No fewer than eight soldiers, including five officers, have been sentenced to death in the Democratic Republic of Congo (DRC) for desertion and cowardice when fighting M23 rebels.

The soldiers were convicted by a military court in the country’s war-torn east on Friday, May 3, 2024.

Prosecutors had initially sought the death penalty against 11 soldiers, but the Goma court acquitted three of them, ruling that the charges against those soldiers were “not established”.

The troops were engaged in combat against the mostly Tutsi M23 (March 23 movement) rebels, who resumed armed activities in late 2021, seizing large swathes of North Kivu province.

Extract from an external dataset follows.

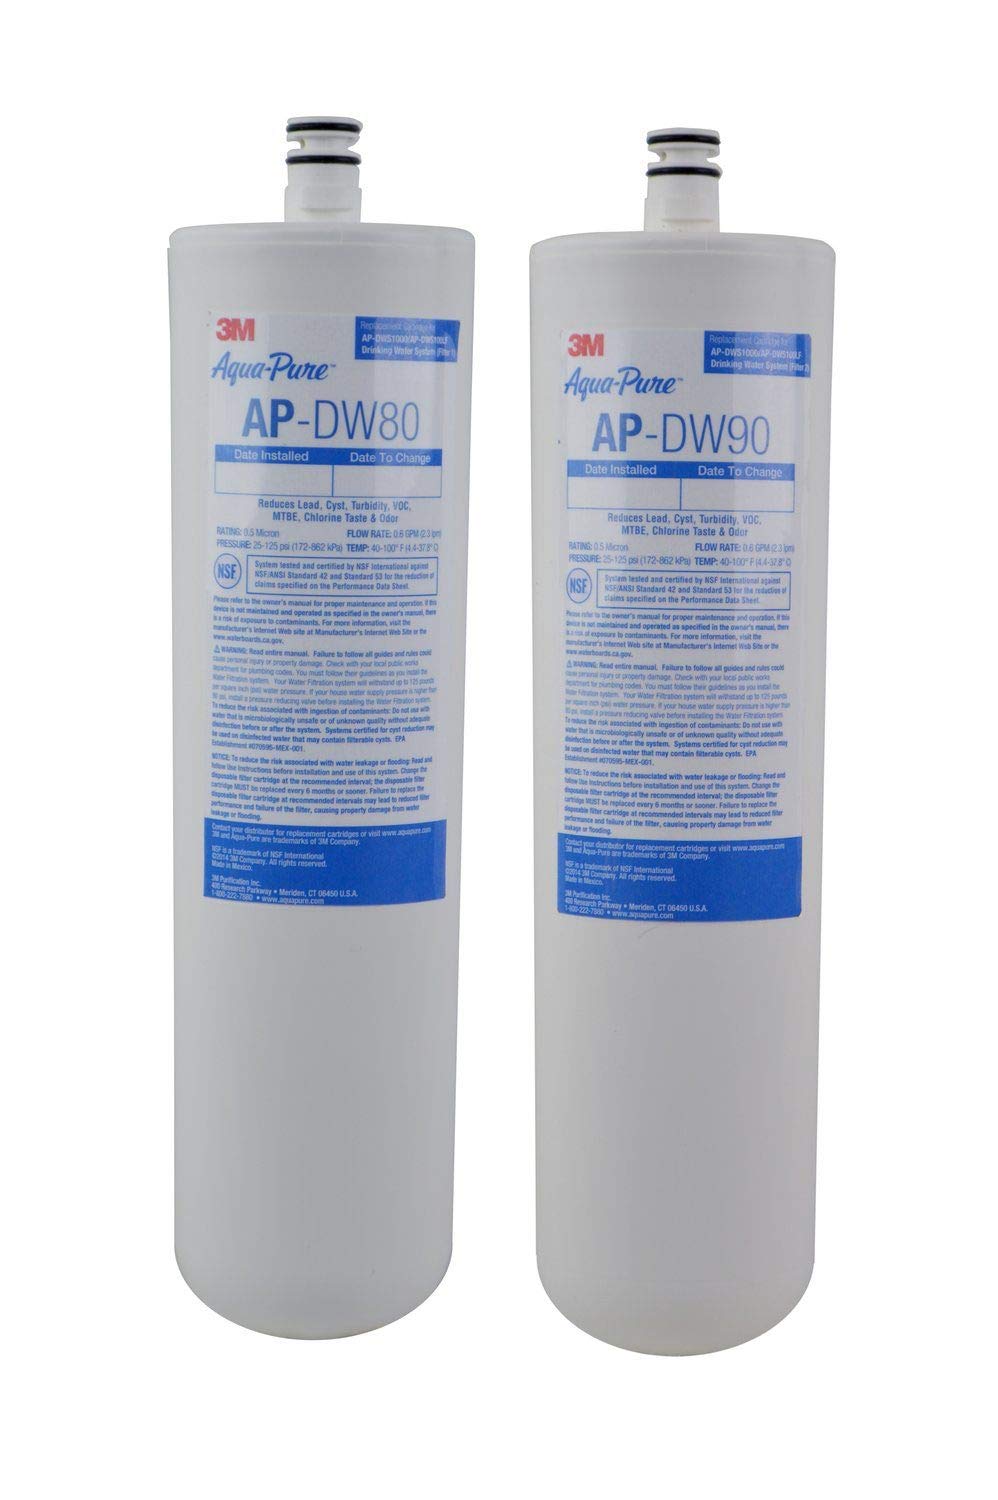  3M Aqua-Pure Whole House Replacement Water Filter AP810, For  Aqua-Pure AP801, AP801-C, AP801T and AP801B Water Filtration Systems,White  : Tools & Home Improvement

“They never fled from the enemy nor abandoned their position — on the contrary,” said Alexis Olenga, a lawyer representing one of the five officers facing charges.

Olenga stated that the soldiers were stationed at Lushangi-Cafe, a federal army position near the strategic town of Sake, 20 kilometers (12 miles) away from North Kivu’s capital, Goma.

These sentences mark the first instances of capital punishment since authorities decided on March 13 to lift a suspension on executions that had been in place since 2003.

The inability of the army and its auxiliaries to halt the advance of the M23 rebels has led to suspicions of infiltration within the security forces.

Several military personnel, as well as members of parliament, senators, and business leaders, have been arrested and accused of “complicity with the enemy”.

For the past 20 years, death sentences have been handed down in the DRC, particularly in cases involving the military or armed groups, but they have consistently been commuted to life imprisonment.

Human rights groups and the Catholic Church have urged the government to abolish capital punishment for all crimes.